The figures of the first six months of the solar year 1399 (April – September 2020) showed that there were 1,678 women working in various positions for the media outlets across the country. But this figure has now dropped to 1377, which shows a decrease of 18%.
Out of 1377 women who are currently working in the media, 321 of them are journalists and the rest are working in various media departments such as media production and administration. According to the findings, most female media workers are in Kabul province, followed by Herat, and Balkh province. Logar is the only province where only one woman is working as a media worker.
In 9 provinces of Ghor, Nimroz, Sar-e-Pul, Laghman, Parwan, Kapisa, Uruzgan, Wardak, and Logar, there are no female journalists and only female media workers are employed in various media departments. In five provinces of Nuristan, Kunar, Paktia, Paktika, and Zabul, there are no women in the media.

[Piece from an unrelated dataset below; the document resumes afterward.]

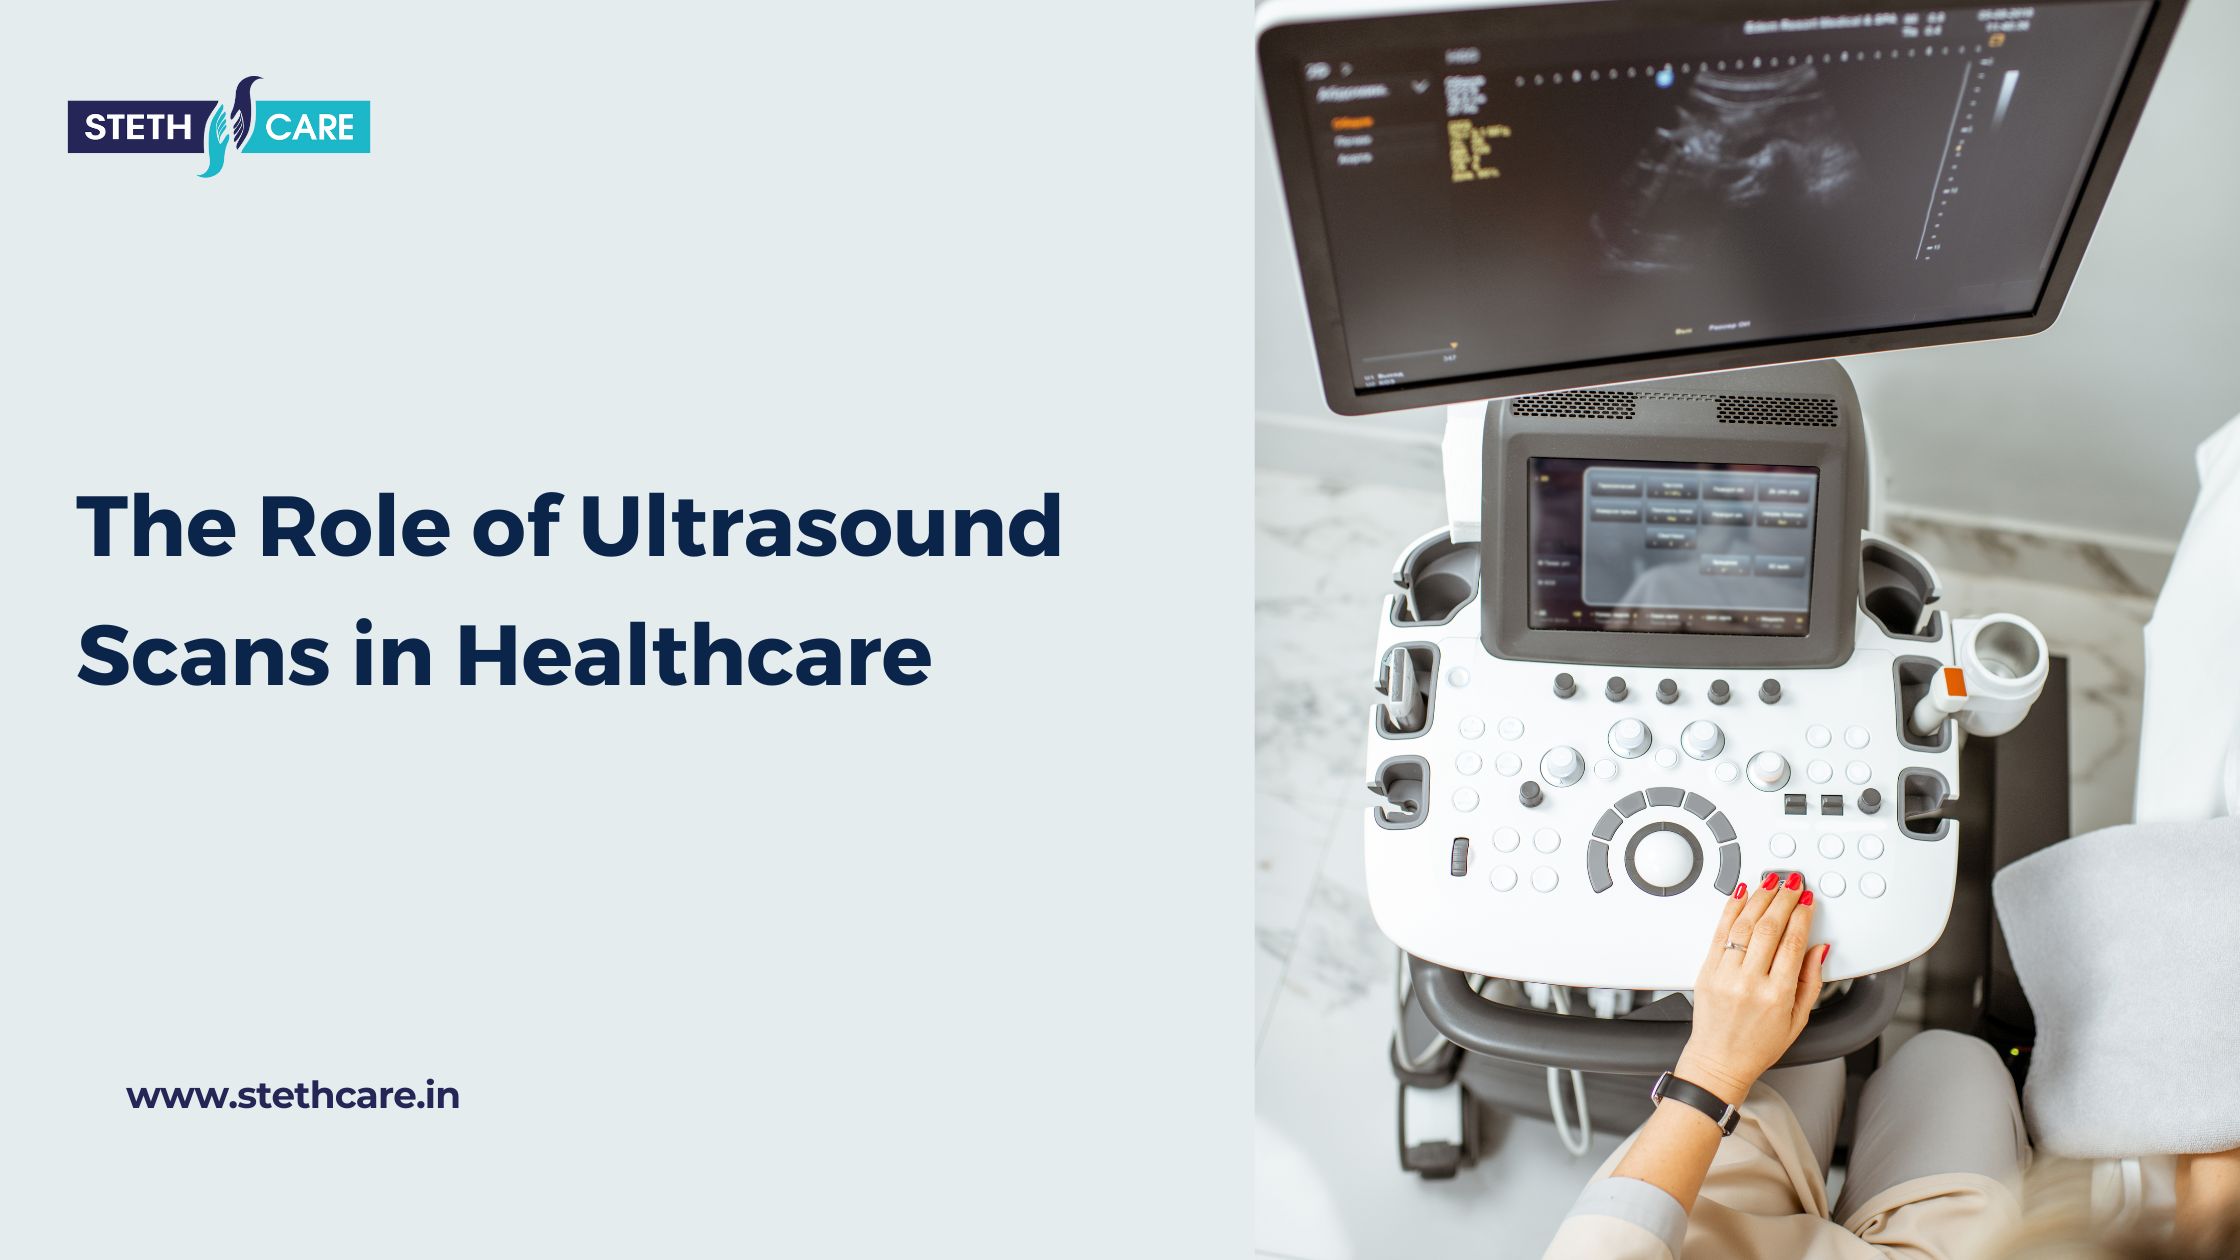 The Role of Ultrasound Scans in Healthcare

According to the survey, in the last six months, two female journalists who previously worked in Zabul and Paktia provinces have now left their jobs due to increasing security threats.
It should be noted that in the current solar year (1399), 4 female journalists and media workers have been killed in direct attacks, and this has had a negative impact on the work of women journalists across Afghanistan.
Afghanistan is celebrating International Women’s Day this year at a time where security threats against journalists and media workers, especially women in the media, have intensified. The Afghan Journalists Safety Committee (AJSC) is deeply concerned about the current situation and believes that the presence of women in the Afghan media is a vital need for free media and free information space.